Search code examples
pythonnumpyinternal-representationdivmod

Python numpy.divmod and integer representation


I was trying to use numpy.divmod with very large integers and I noticed a strange behaviour. At around 2**63 ~ 1e19 (which should be the limit for the usual memory representation of int in python 3.5+), this happens:

from numpy import divmod

test = 10**6
for i in range(15,25):
  x = 10**i
  print(i, divmod(x, test))

15 (1000000000, 0)
16 (10000000000, 0)
17 (100000000000, 0)
18 (1000000000000, 0)
19 (10000000000000.0, 0.0)
20 ((100000000000000, 0), None)
21 ((1000000000000000, 0), None)
22 ((10000000000000000, 0), None)
23 ((100000000000000000, 0), None)
24 ((1000000000000000000, 0), None)

Somehow, the quotient and remainder works fine till 2**63, then there's something different.

My guess is that the int representation is "vectorized" (i.e. as BigInt in Scala, as a little endian Seq of Long).
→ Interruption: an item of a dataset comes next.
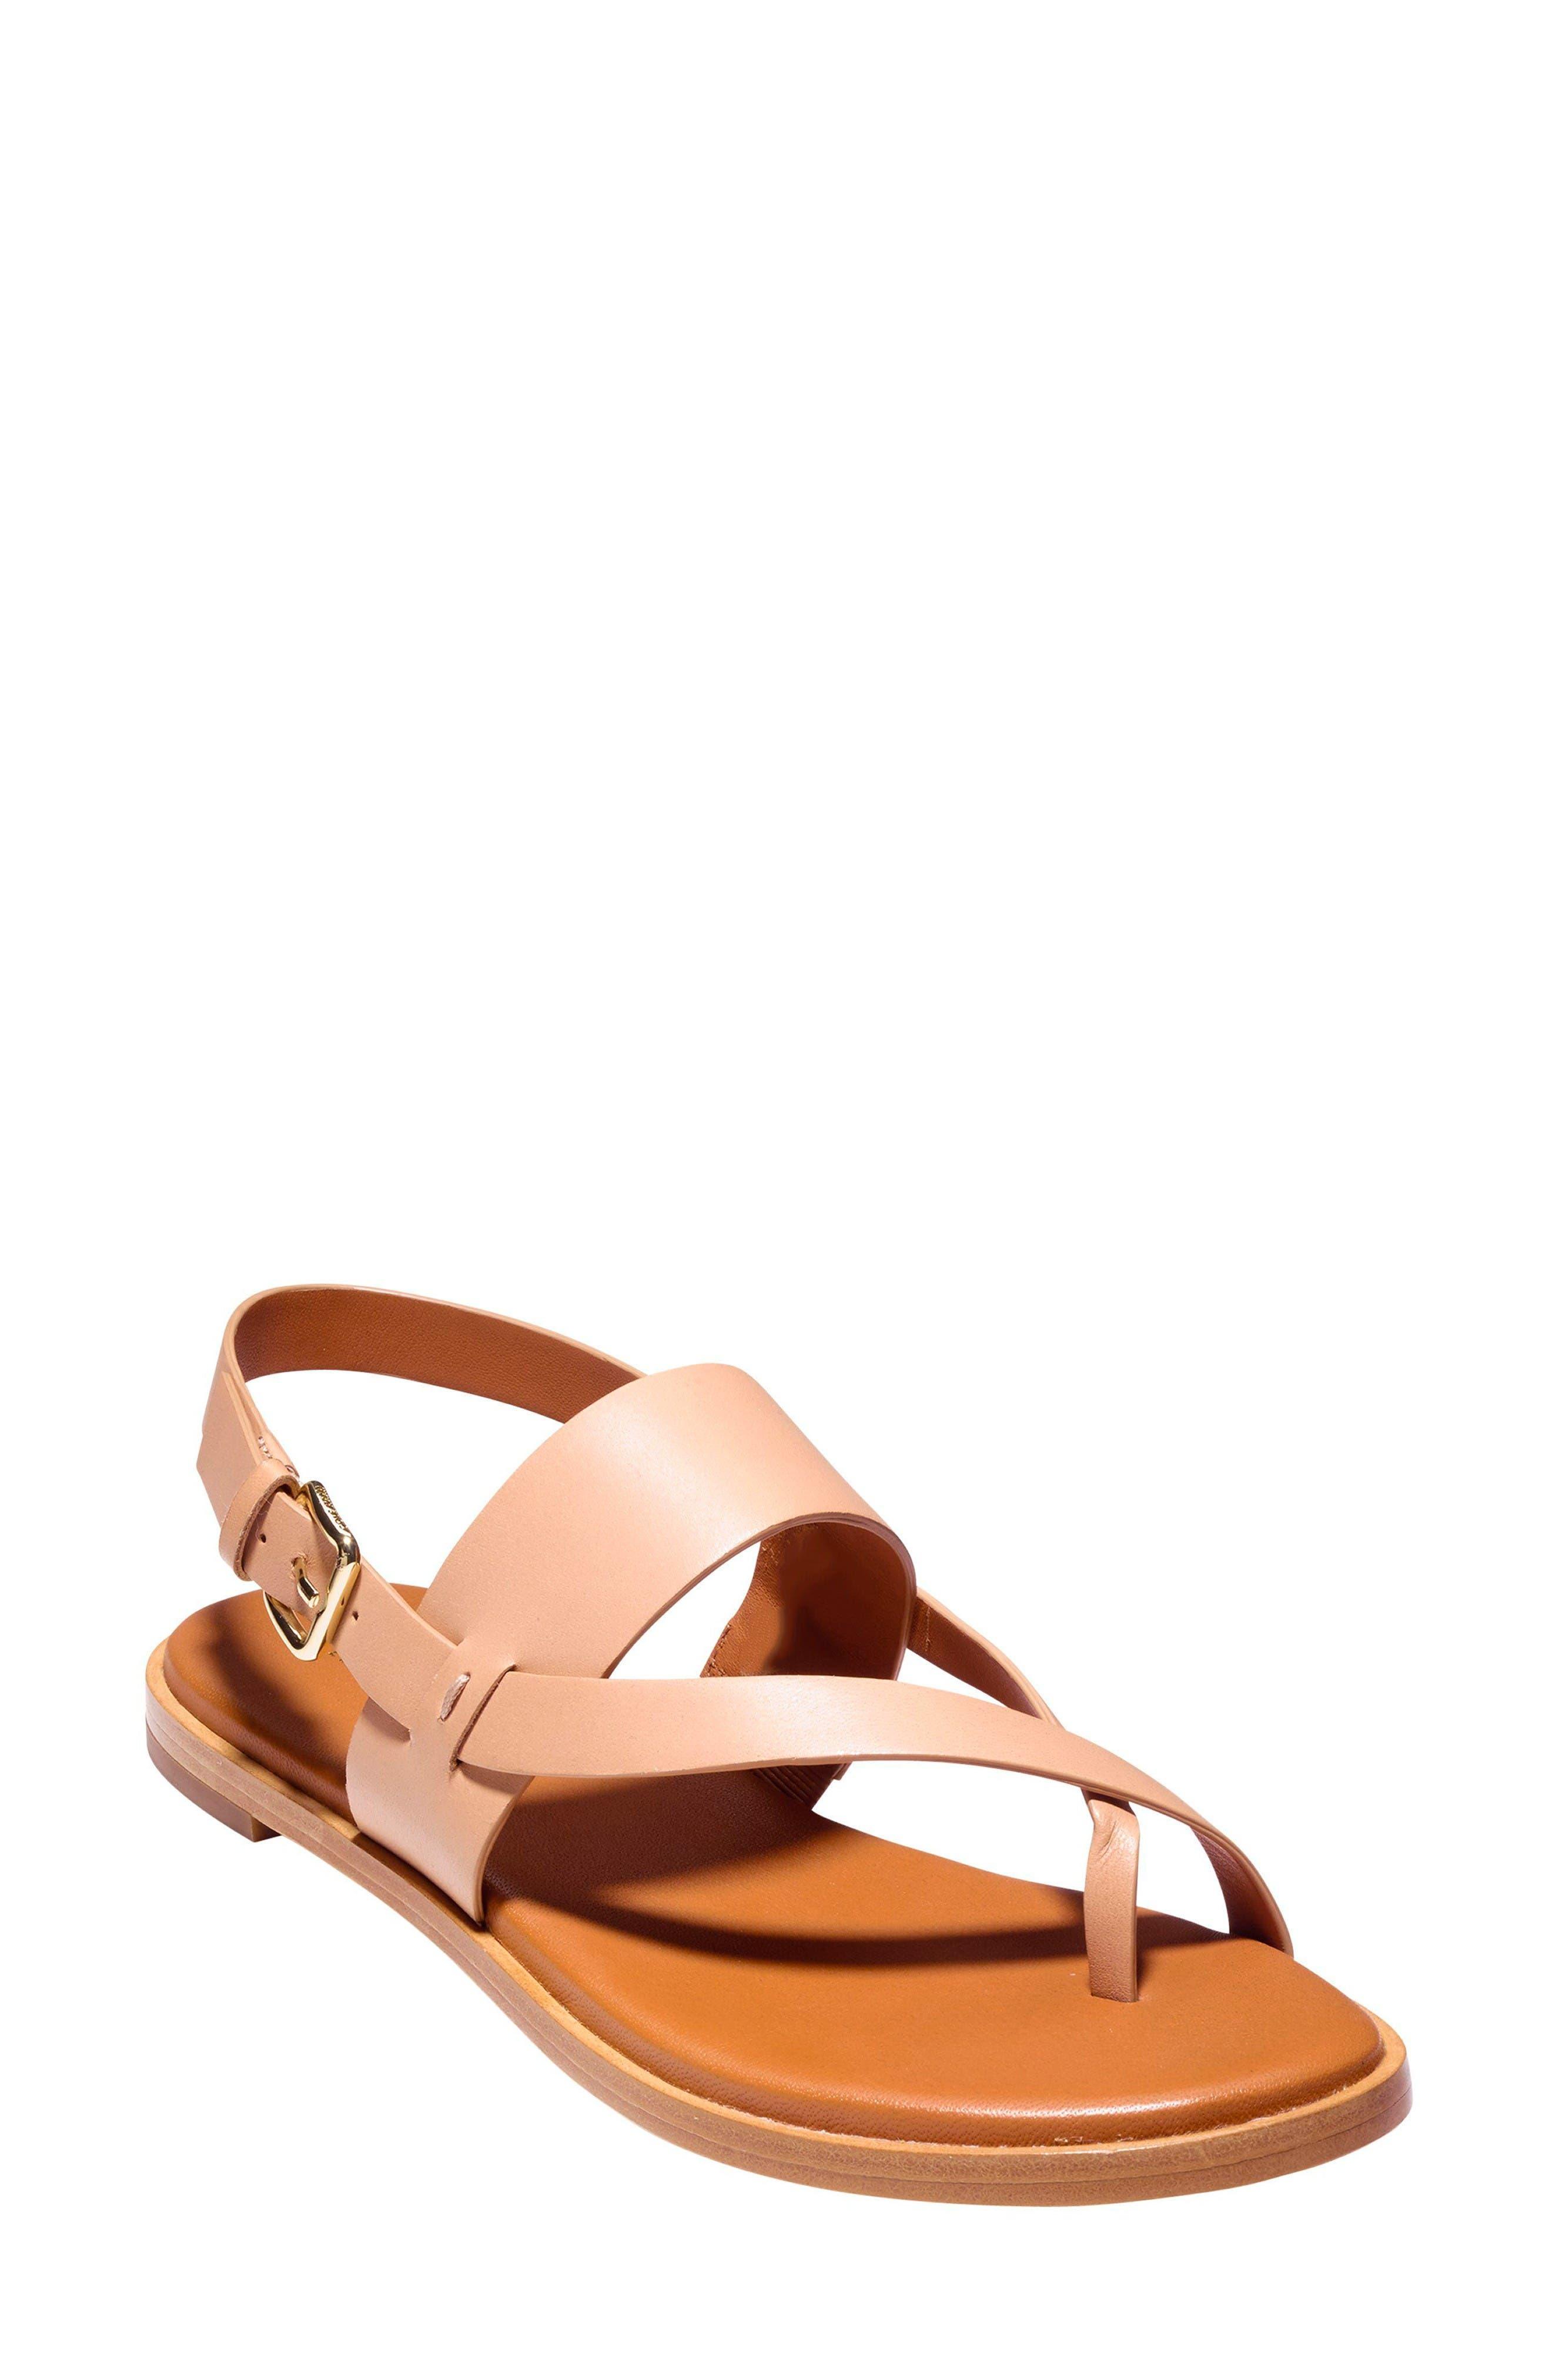 Anica Sandal,                         Main,                         color, Sahara Leather
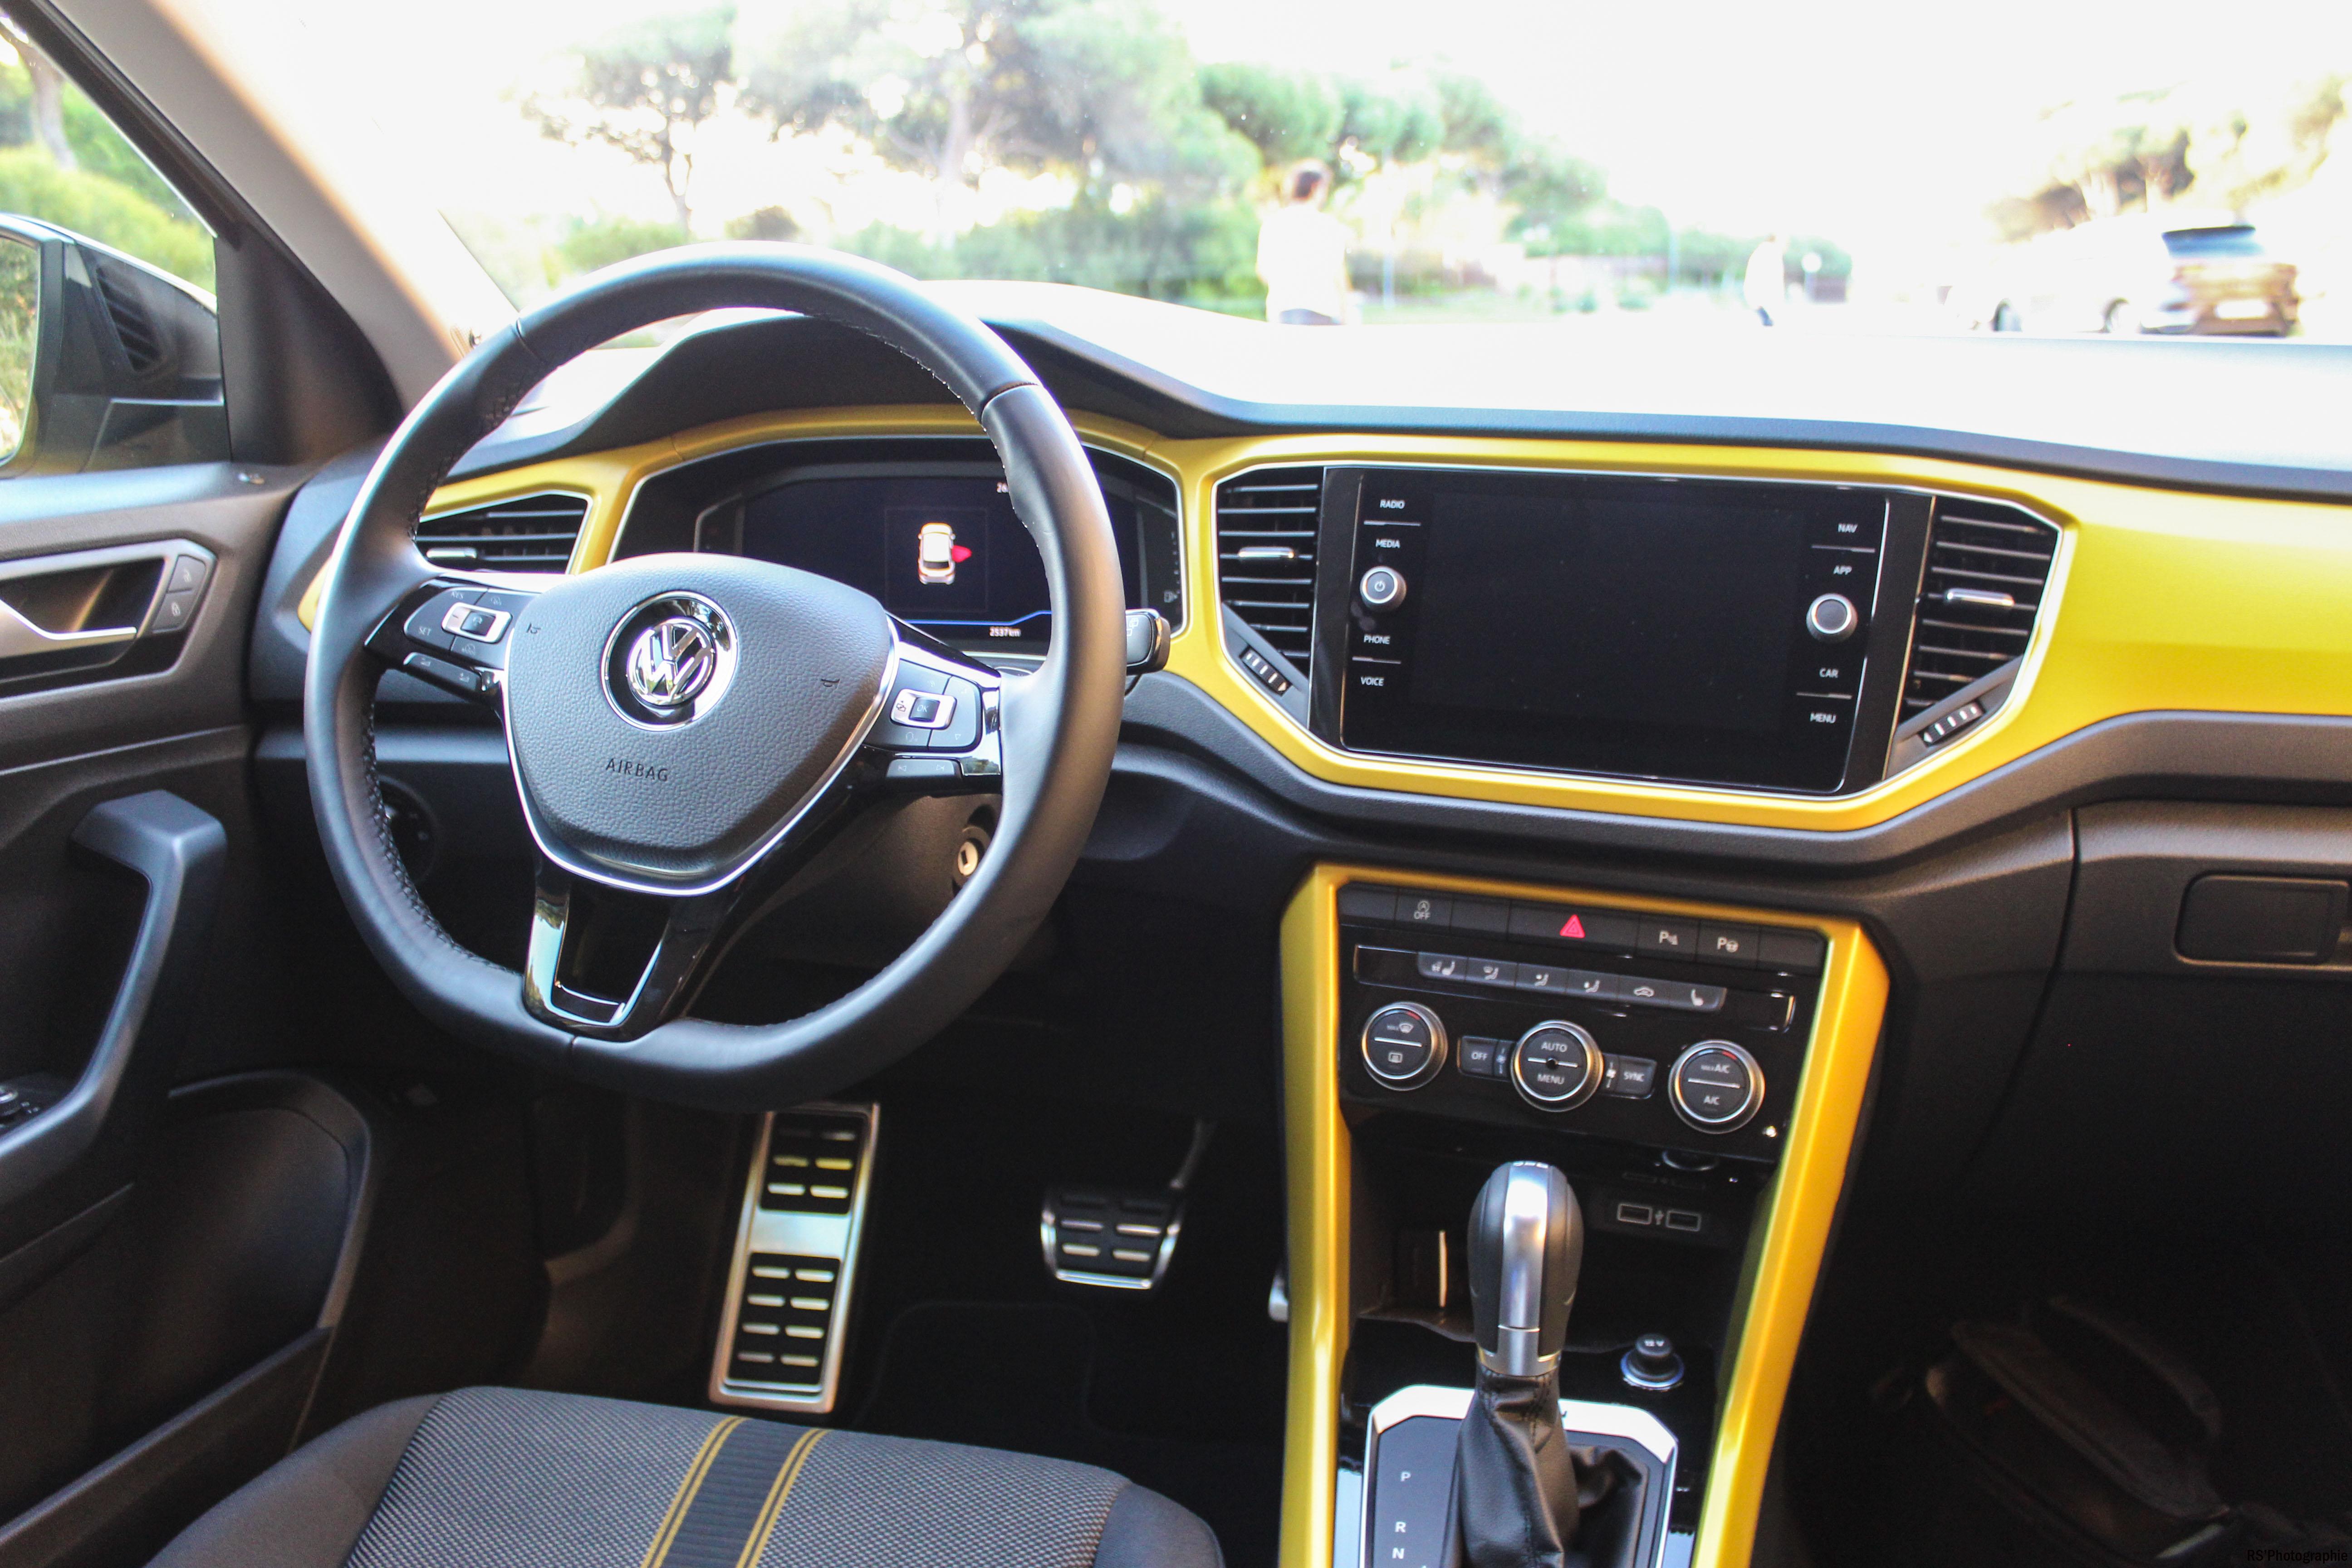 Volkswagentroc70-vw-t-roc-intérieur-onboard-Arnaud Demasier-RSPhotographie

But then, I'd expect, as a result of divmod(array, test), a pair of arrays: the array of quotients and the array of remainders.

I have no clue about this feature. It does not happen with the built-in divmod (everything works as expected)

Why does this happen? Does it have something to do with int internal representation?

Details: numpy version 1.13.1, python 3.6


Solution

  • The problem is that np.divmod will convert the arguments to arrays and what happens is really easy:

    >>> np.array(10**19)
    array(10000000000000000000, dtype=uint64)
    >>> np.array(10**20)
    array(100000000000000000000, dtype=object)
    

    You will get an object array for 10**i with i > 19, in the other cases it will be a "real NumPy array".

    And, indeed, it seems like object arrays behave strangely with np.divmod:

    >>> np.divmod(np.array(10**5, dtype=object), 10)   # smaller value but object array
    ((10000, 0), None)
    

    I guess in this case the normal Python built-in divmod calculates the first returned element and all remaining items are filled with None because it delegated to Pythons function.

    Note that object arrays often behave differently than native dtype arrays. They are a lot slower and often delegate to Python functions (which is often the reason for different results).